THE DATA Start Marker
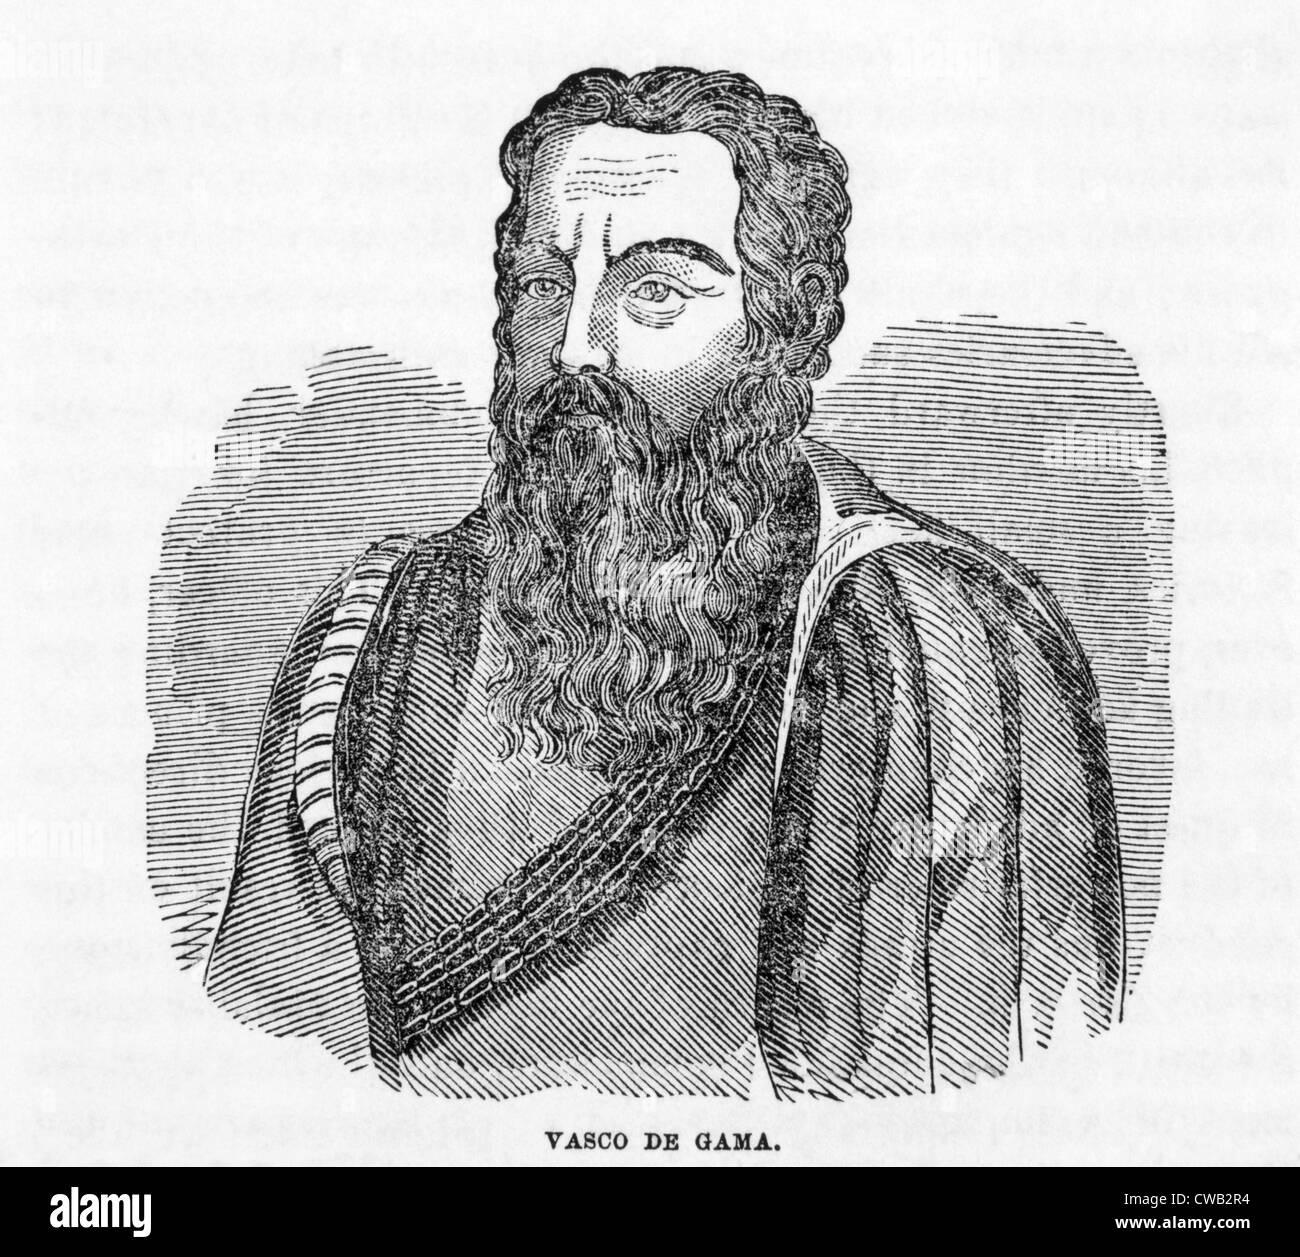 Vasco da Gama (ca. 1469-1524), woodcut engraving 1859 - Stock Image
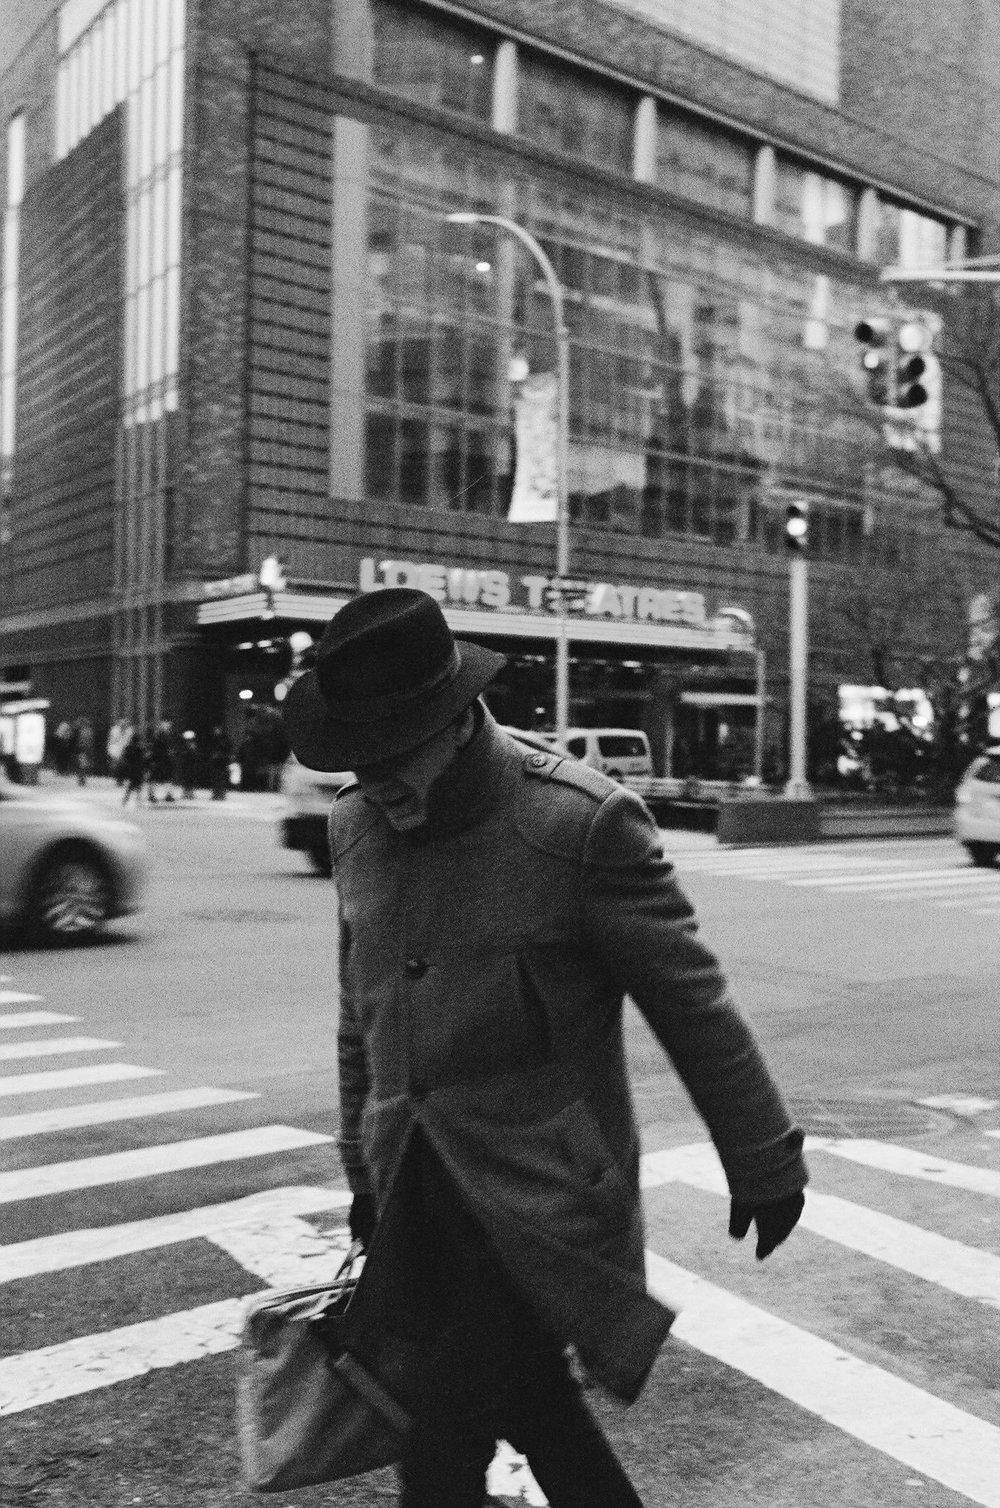 urban_street_photography_21.jpg
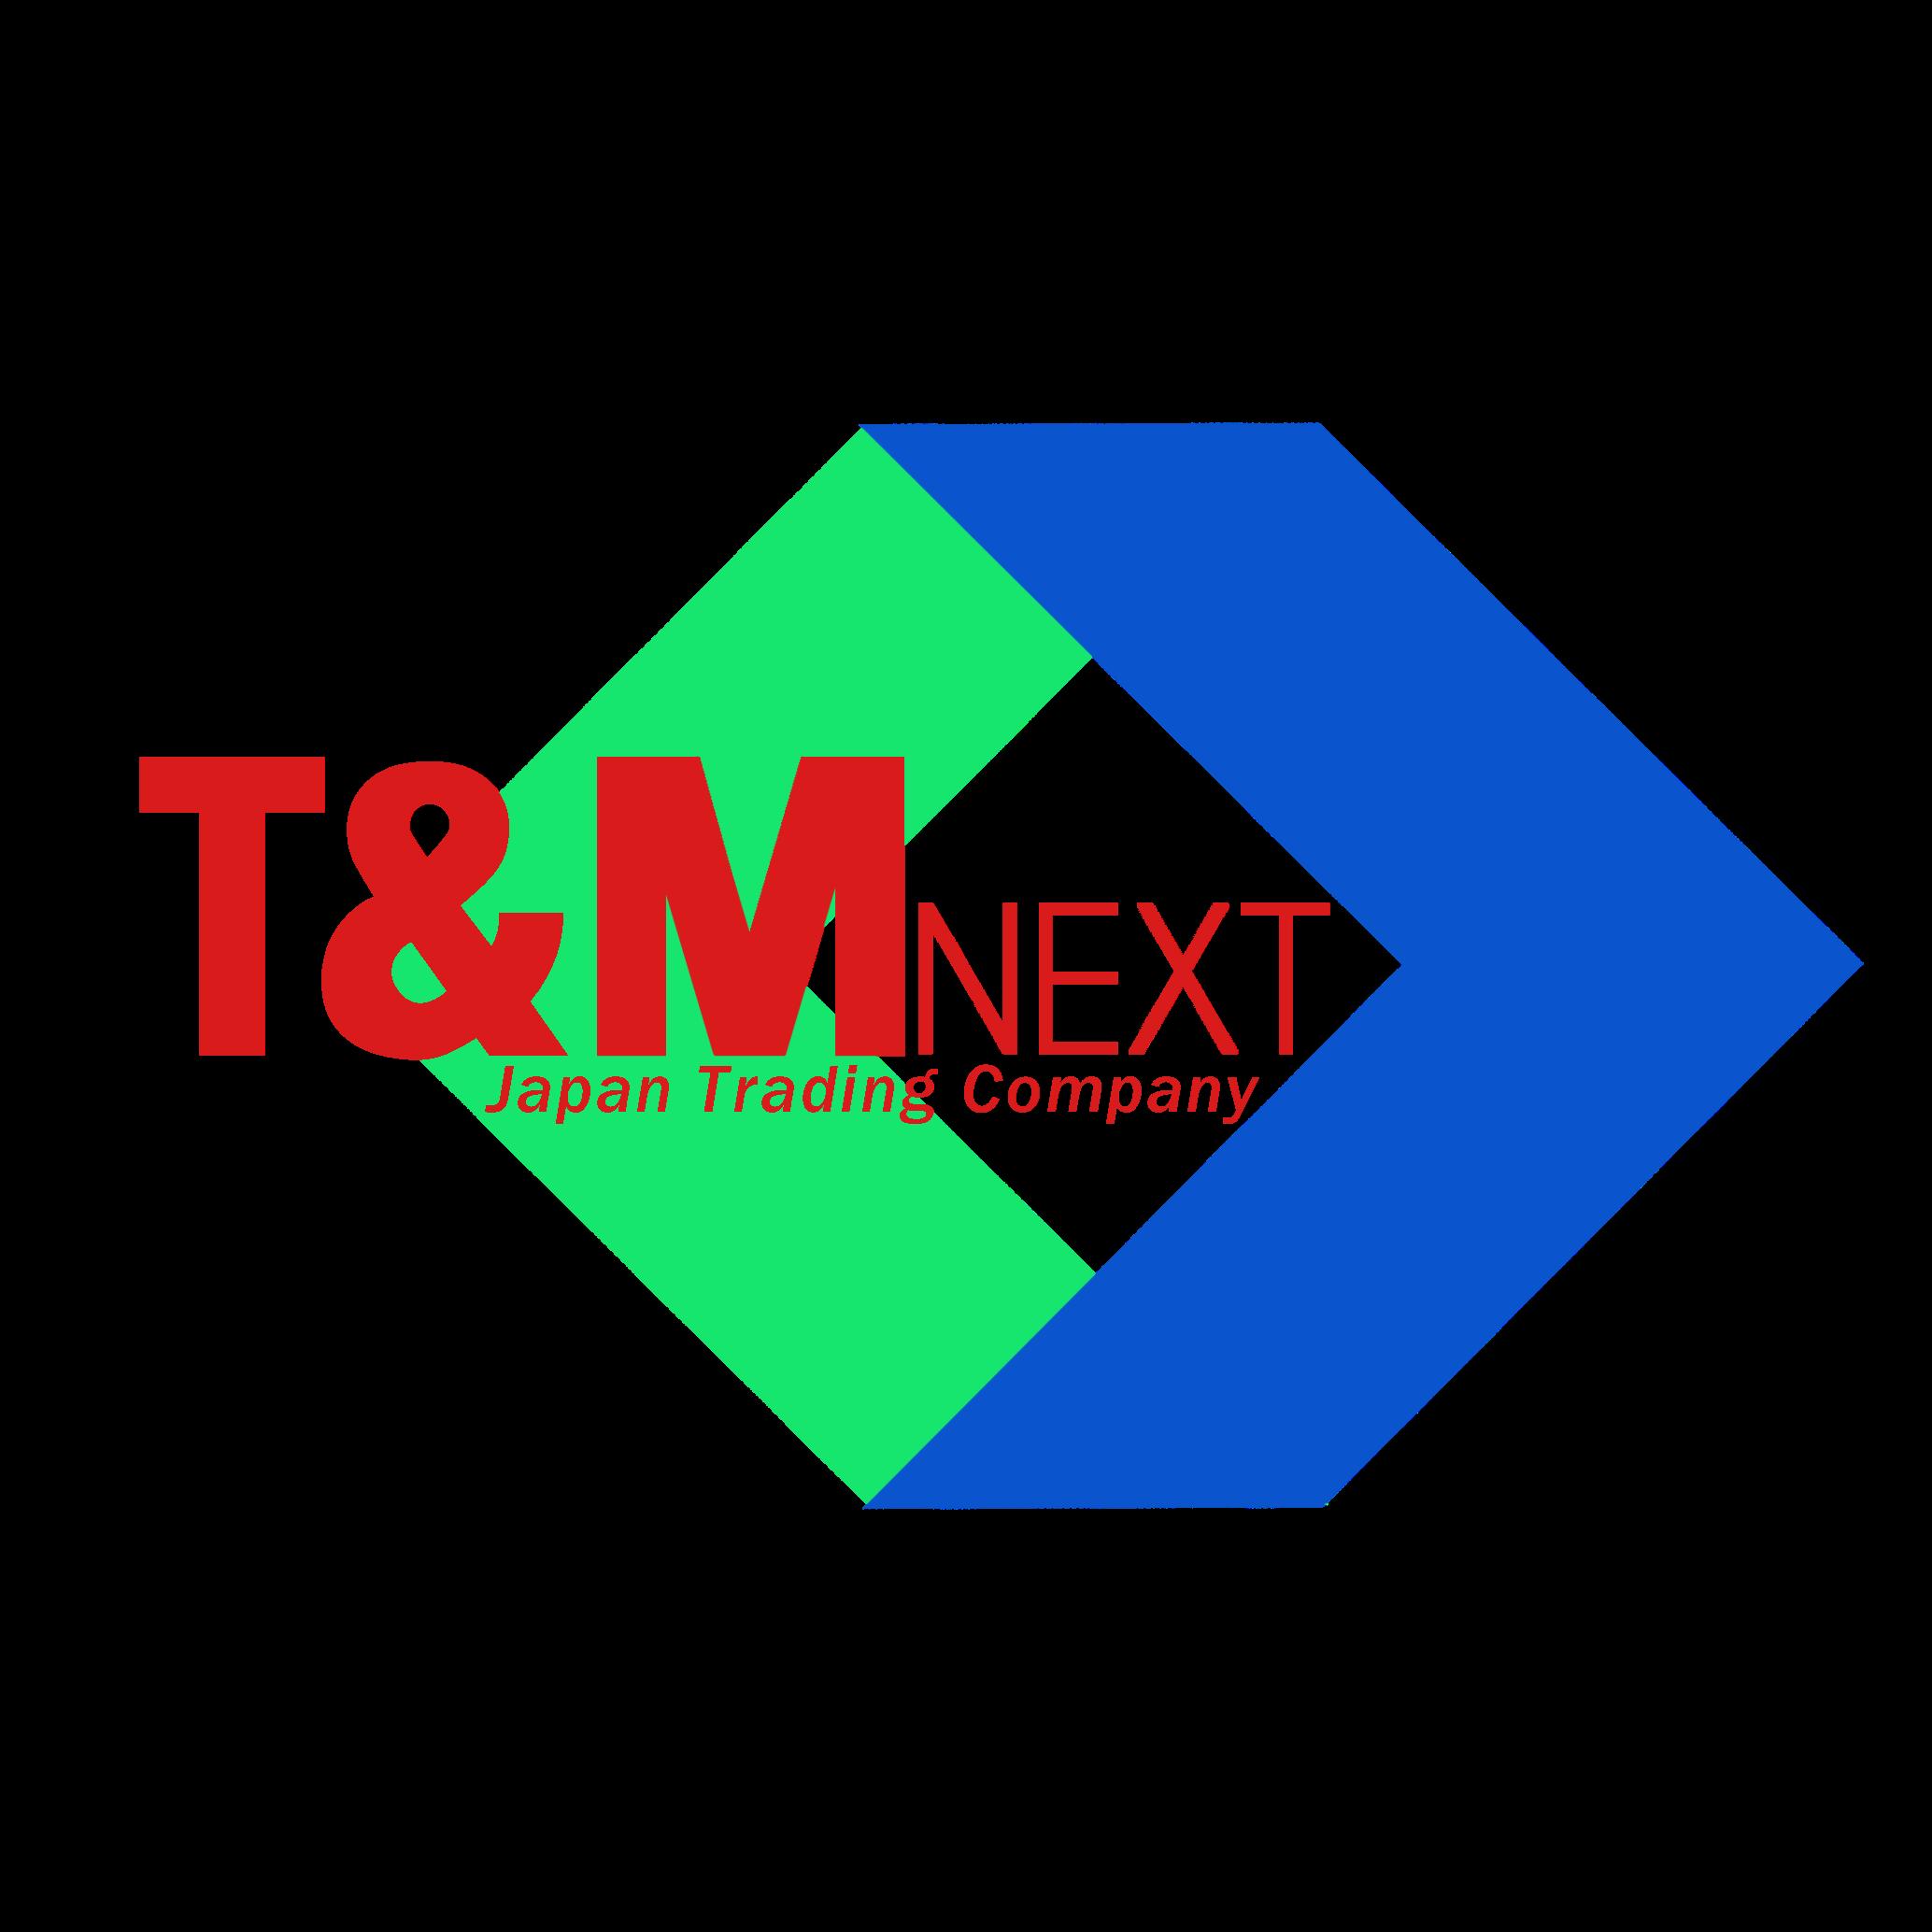 T&M Next
THE DATA End Marker
**GOAL OF THE EXERCISE**
Copy out every line of the material above exactly, skipping the pictures.

**RESULT FOR THIS EXERCISE**
 Vasco da Gama (ca. 1469-1524), woodcut engraving 1859 - Stock Image
 urban_street_photography_21.jpg
 T&M Next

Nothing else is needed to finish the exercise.